Over the profile period of 14 days, the log(CFU) count vs. time profiles seem either linear (for the minority of patients: 40 out of 247) or biphasic (for the majority of patients: 207 out of 247). For an example of a (near) linear profile, see Figure 1a; examples of clearly biphasic profiles are given in Figures 1b through Figure 1d.
The rate of decline in log(CFU) count during the initial phase is greater than during the terminal phase for the majority of biphasic profiles (e.g. Figure 1b); the rate of decline in log(CFU) count during the initial phase is smaller than during the terminal phase for the minority of biphasic profiles (e.g. Figure 1c).
The transition from the first to the second phase is smooth for a minority of biphasic profiles (e.g. Figure 1d); a bilinear regression model seems adequate for the majority of biphasic profiles (e.g. Figure 1b and Figure 1c).
The average rate of decline in log(CFU) count during the initial phase is for some treatment regimens greater than during the terminal phase. However, for one of the newer compounds under investigation, bedaquiline (TMC207), and for some treatment regimens containing TMC207 in combination with other drugs, the average rate of decline in log(CFU) count during the initial phase is smaller than during the terminal phase.

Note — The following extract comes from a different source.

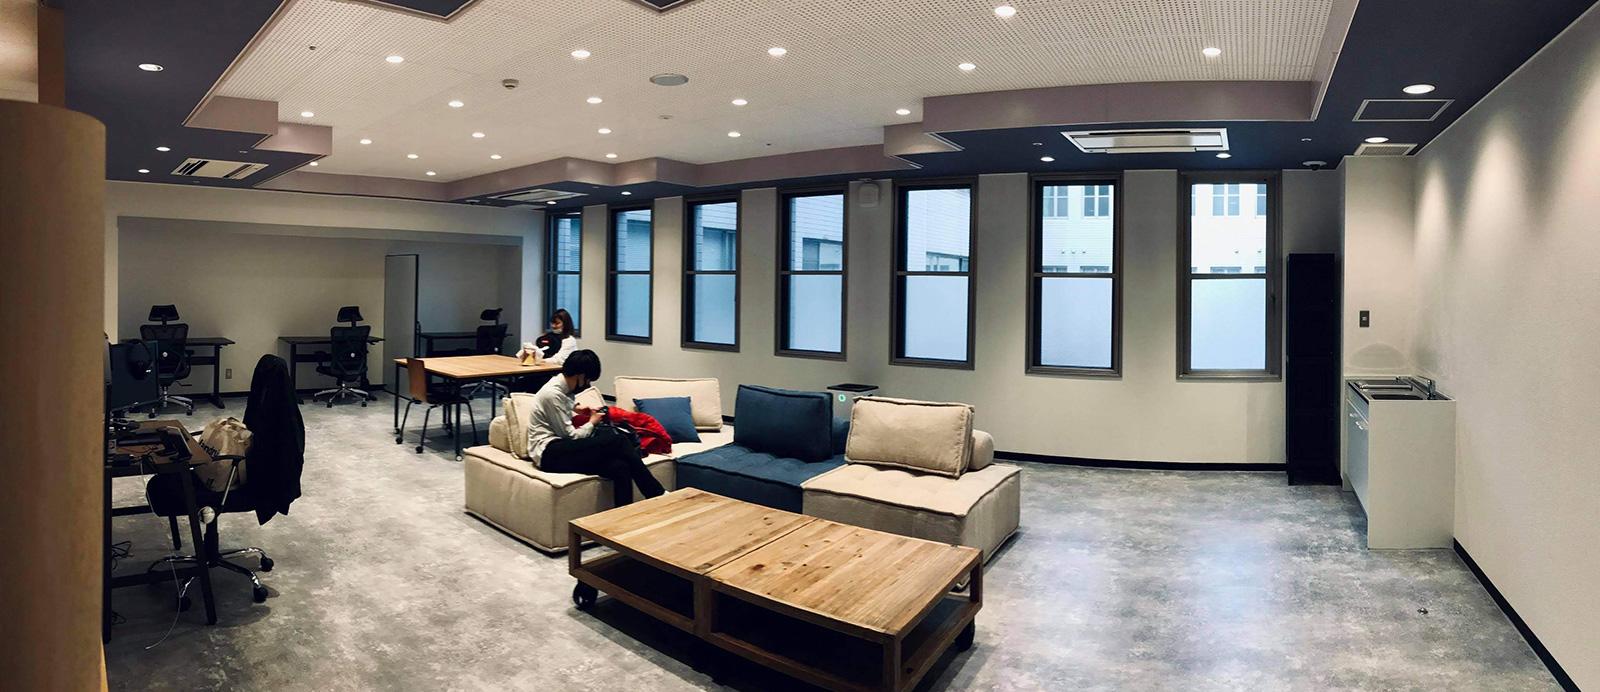 [CCH News Vol.1]リニューアルオープンしたコンピュータクラブハウス加賀をご紹介

Whatever the respective average rates of decline in log(CFU) count for a given treatment regimen, rates of decline both during the initial and late phases exhibit appreciable interindividual variability; for individual patients, the rate of decline in log(CFU) count during the initial phase might be smaller than during the late phase, even though the respective average rates for the treatment regimen in question might exhibit the reverse relationship.
The time-point (node) at which the initial rate of decline changes to the terminal rate of decline exhibits appreciable individual variability (possibly as a result of little information for the estimation of the node parameter).
Figure 2 .

Fitted log(CFU) counts vs. time for empirical study.
Observations from the empirical study suggest the following:
Bilinear regression models seem adequate for the log(CFU) count vs. time profiles of many patients, but certainly not for all, since a substantial minority of profiles exhibit a smooth transition between phases. Whatever the case may be, it is preferable to fit a regression model that allows for a smooth transition between phases, thereby allowing one to judge the adequacy of the bilinear regression model.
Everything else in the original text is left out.